Extracted data:
-- -- --

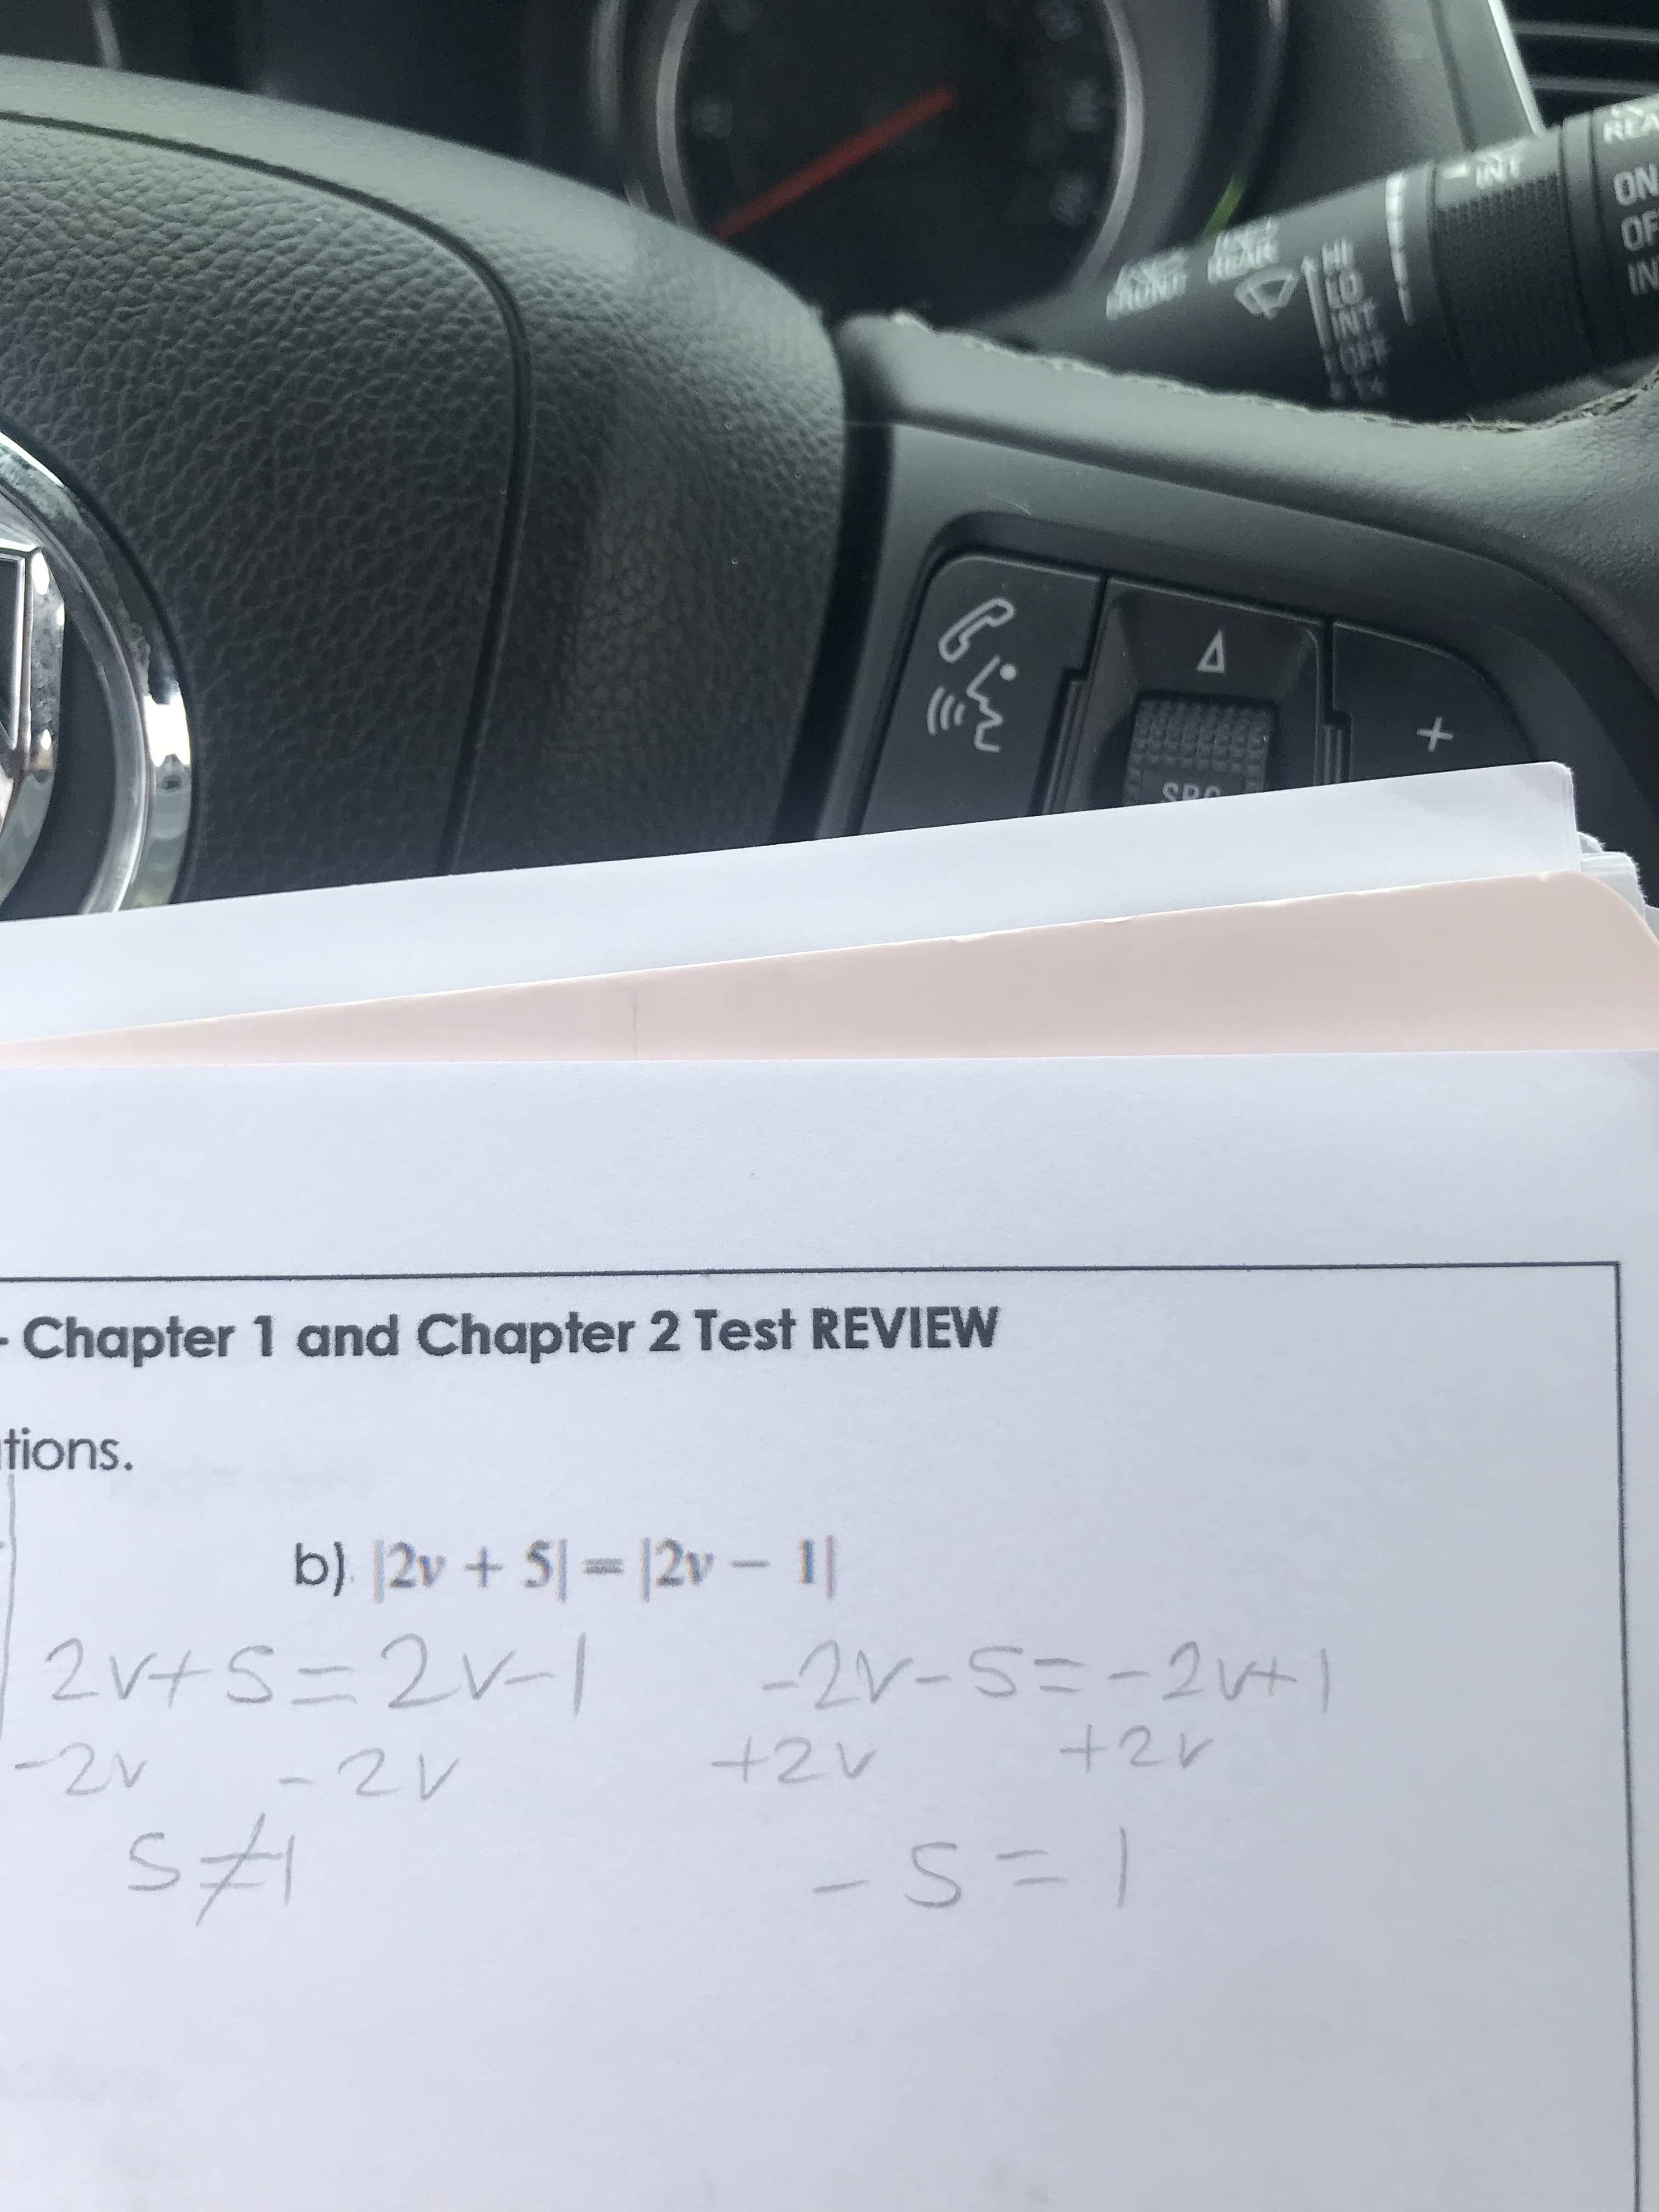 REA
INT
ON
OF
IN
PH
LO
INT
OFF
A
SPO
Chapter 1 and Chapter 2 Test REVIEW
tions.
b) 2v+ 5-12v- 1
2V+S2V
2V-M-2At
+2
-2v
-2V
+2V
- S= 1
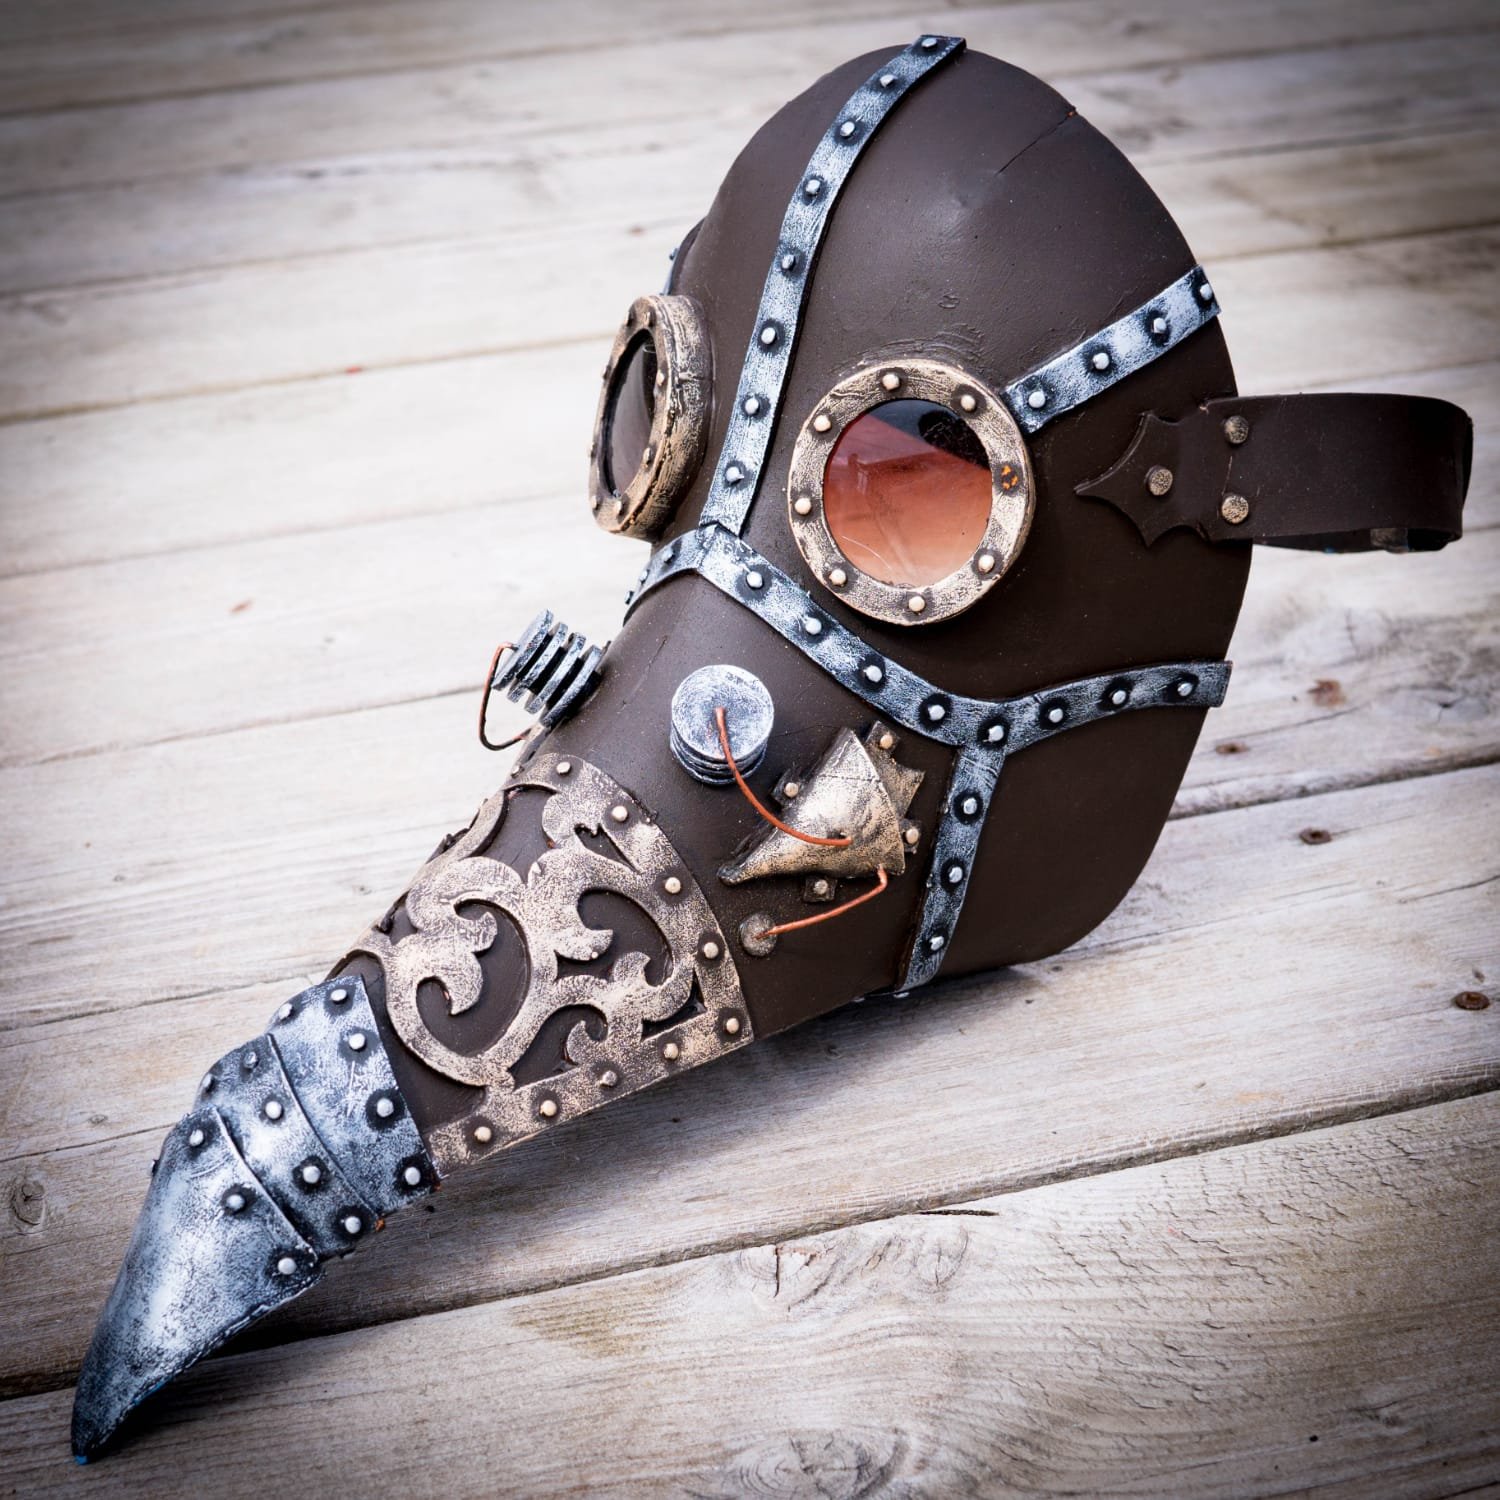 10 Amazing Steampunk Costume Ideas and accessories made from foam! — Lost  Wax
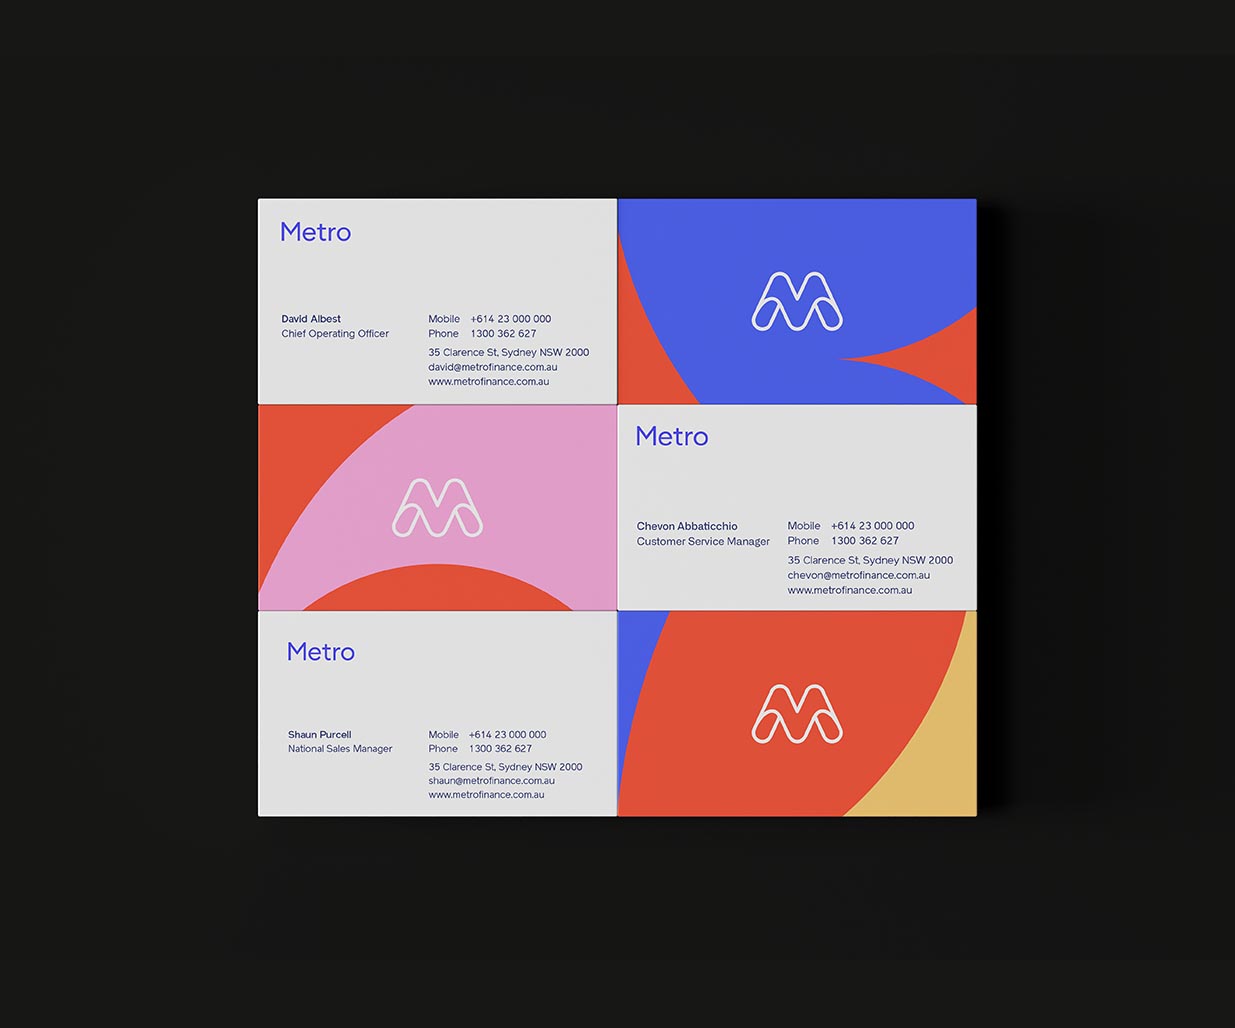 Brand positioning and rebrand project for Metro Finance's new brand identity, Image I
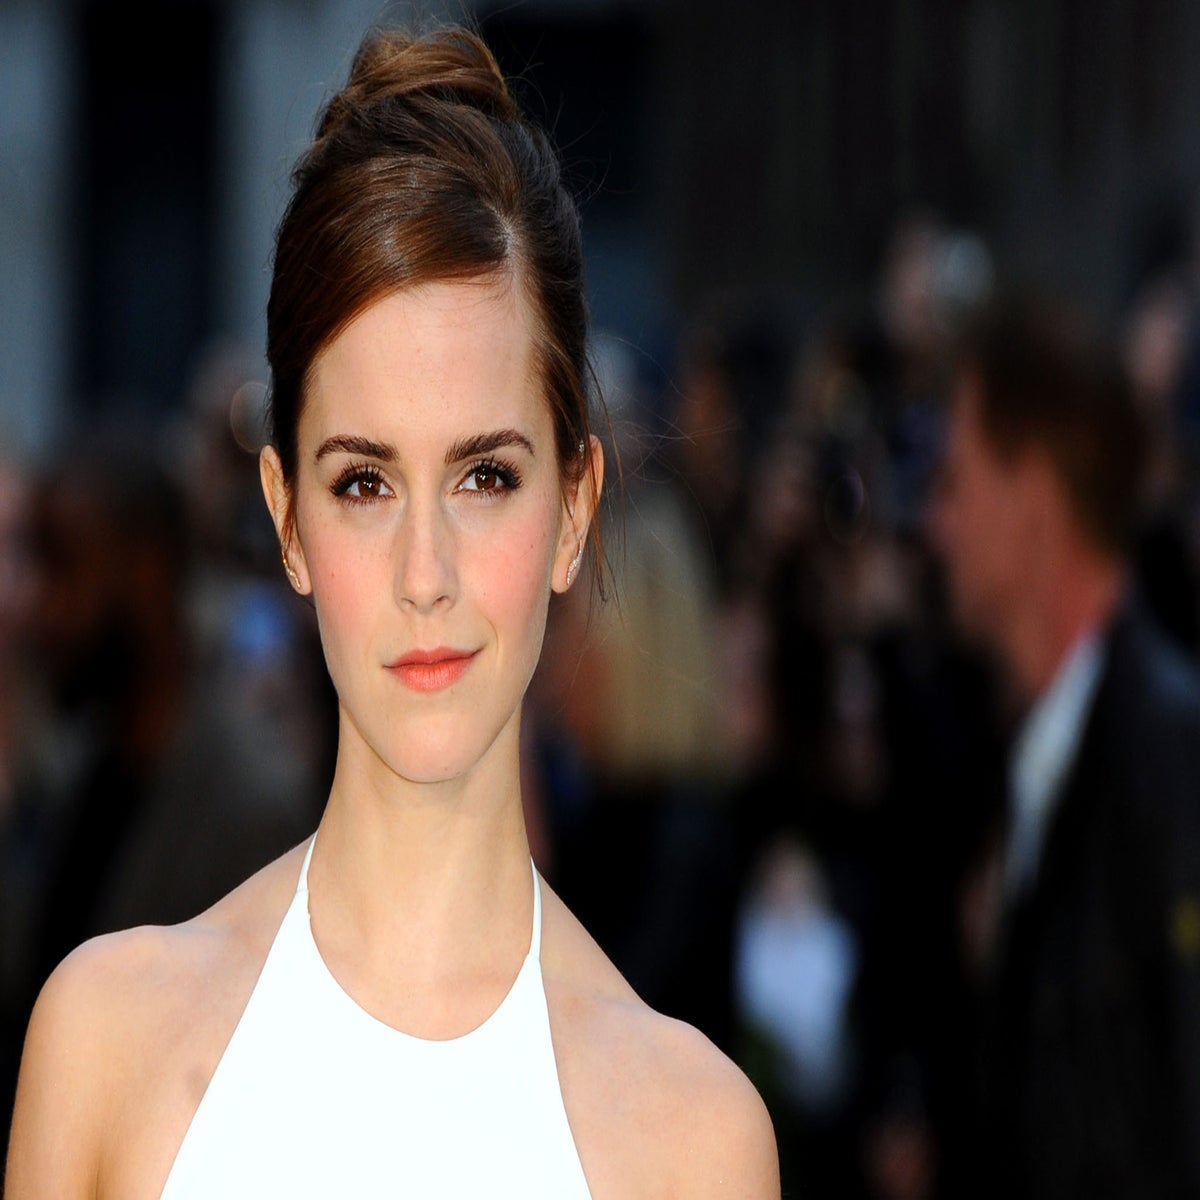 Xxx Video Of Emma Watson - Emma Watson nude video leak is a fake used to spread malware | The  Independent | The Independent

-- -- --

Directions for this task: What is needed is an exact copy of the lines above from the one with "10 Amazing Steampunk" to the one with "Brand positioning and", both ends kept, and nothing more; please leave the pictures out.

Reply to the task:
 10 Amazing Steampunk Costume Ideas and accessories made from foam! — Lost  Wax
 Brand positioning and rebrand project for Metro Finance's new brand identity, Image I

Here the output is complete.